**ASSIGNED TASK**
Would you return exactly the lines below from the line with "Οικοδεσπότης στην 8η" through the line with "画像2: 裏地にボアが備わった冬用ネルシャツ! RIDEZから「モトフランネルシャツ」が発売", both included, and nothing else, leaving out the pictures?

**PROVIDED RECORDS**
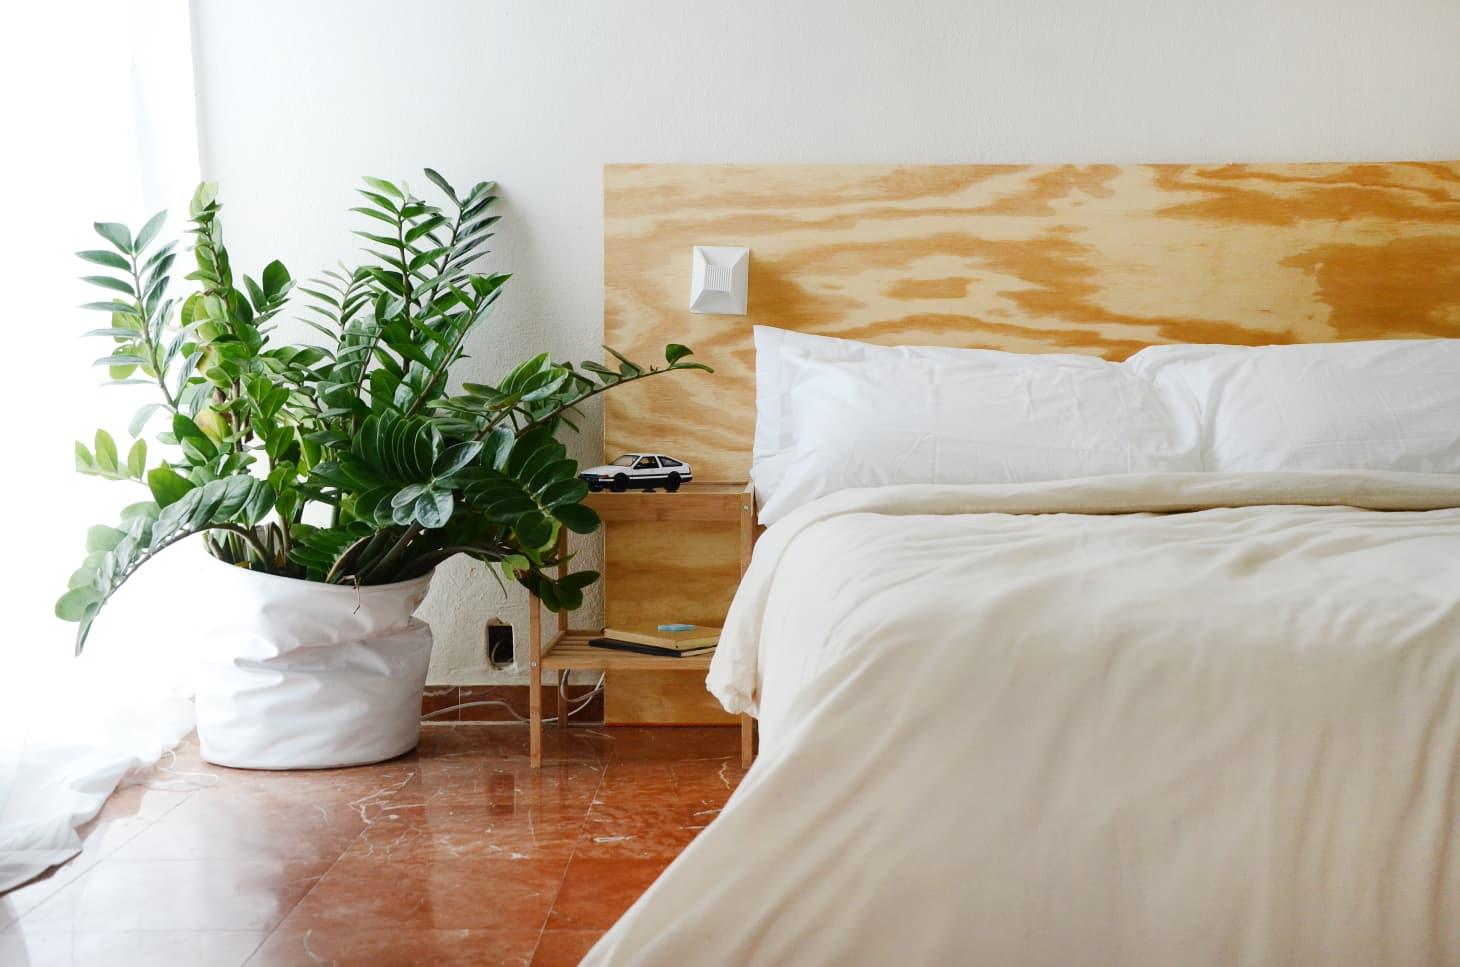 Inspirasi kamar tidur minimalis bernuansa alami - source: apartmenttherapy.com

* * *

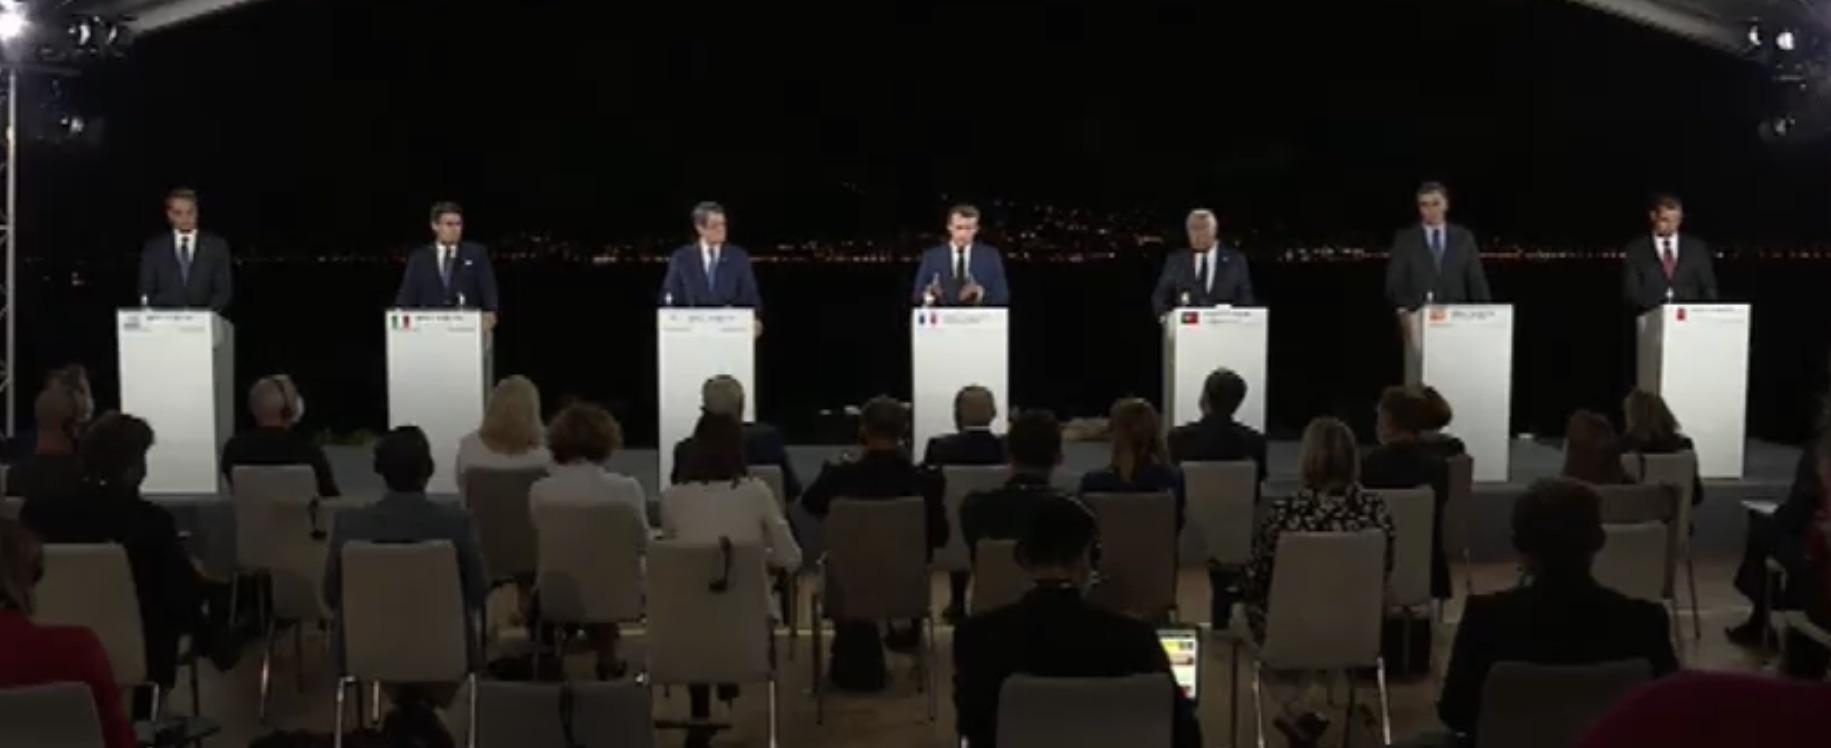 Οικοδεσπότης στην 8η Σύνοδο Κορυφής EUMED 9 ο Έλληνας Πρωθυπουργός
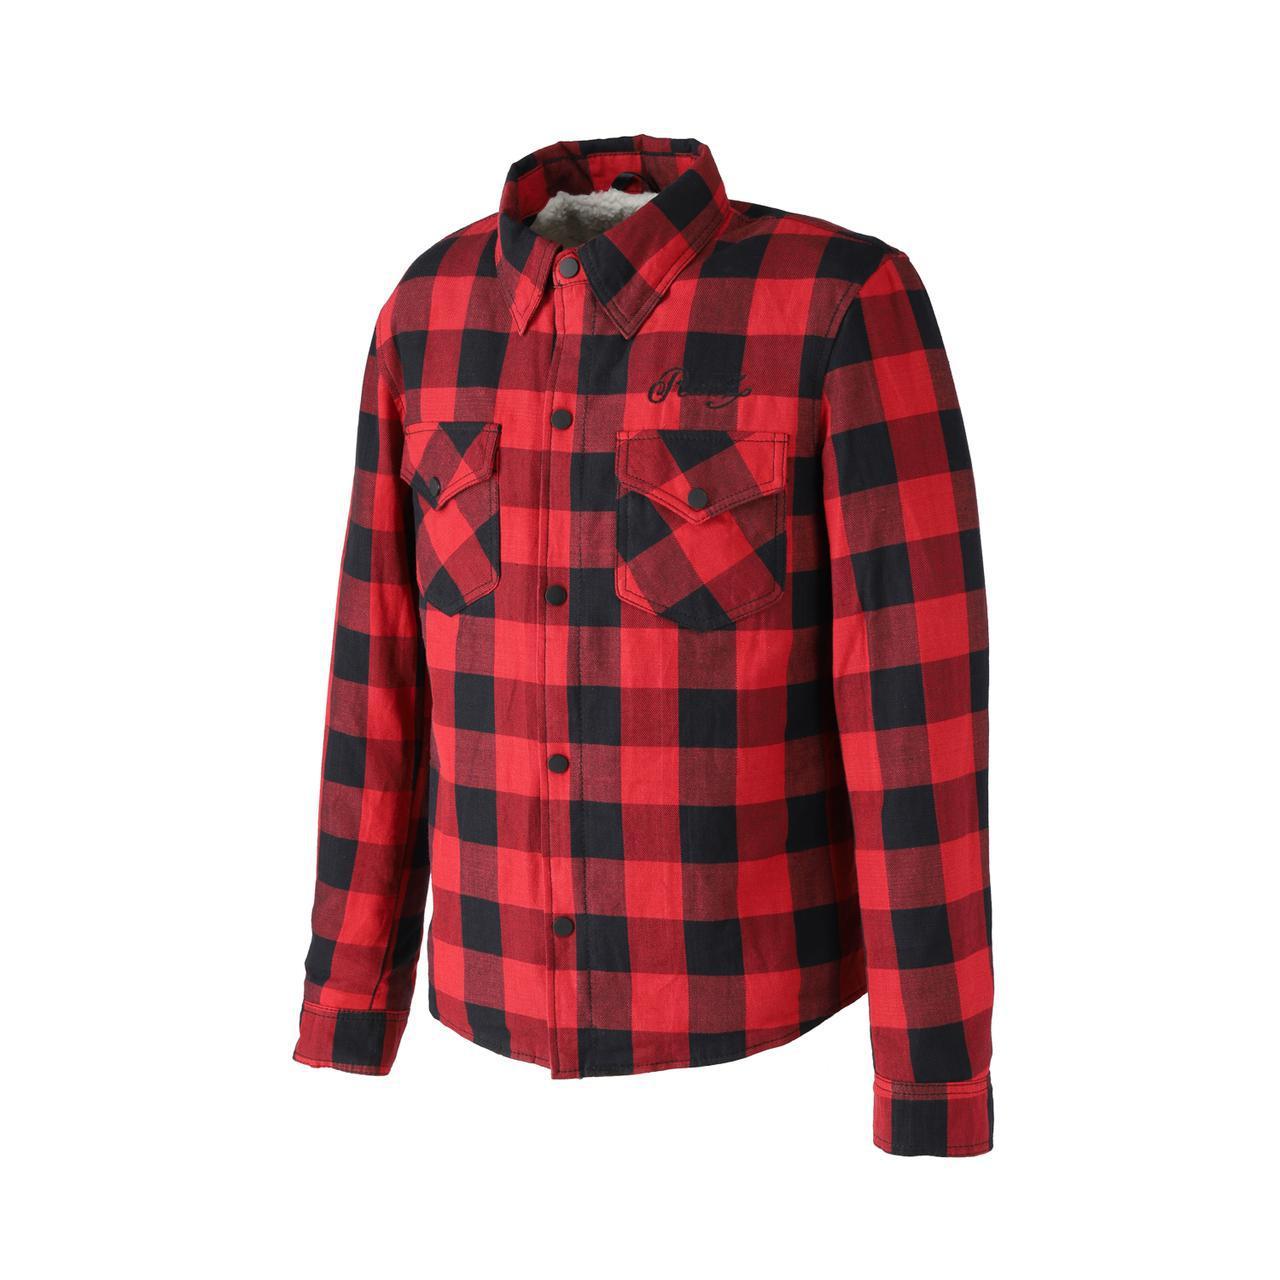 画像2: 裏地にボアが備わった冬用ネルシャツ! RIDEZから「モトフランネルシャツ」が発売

**SOLUTION TO THE PROBLEM**
 Οικοδεσπότης στην 8η Σύνοδο Κορυφής EUMED 9 ο Έλληνας Πρωθυπουργός
 画像2: 裏地にボアが備わった冬用ネルシャツ! RIDEZから「モトフランネルシャツ」が発売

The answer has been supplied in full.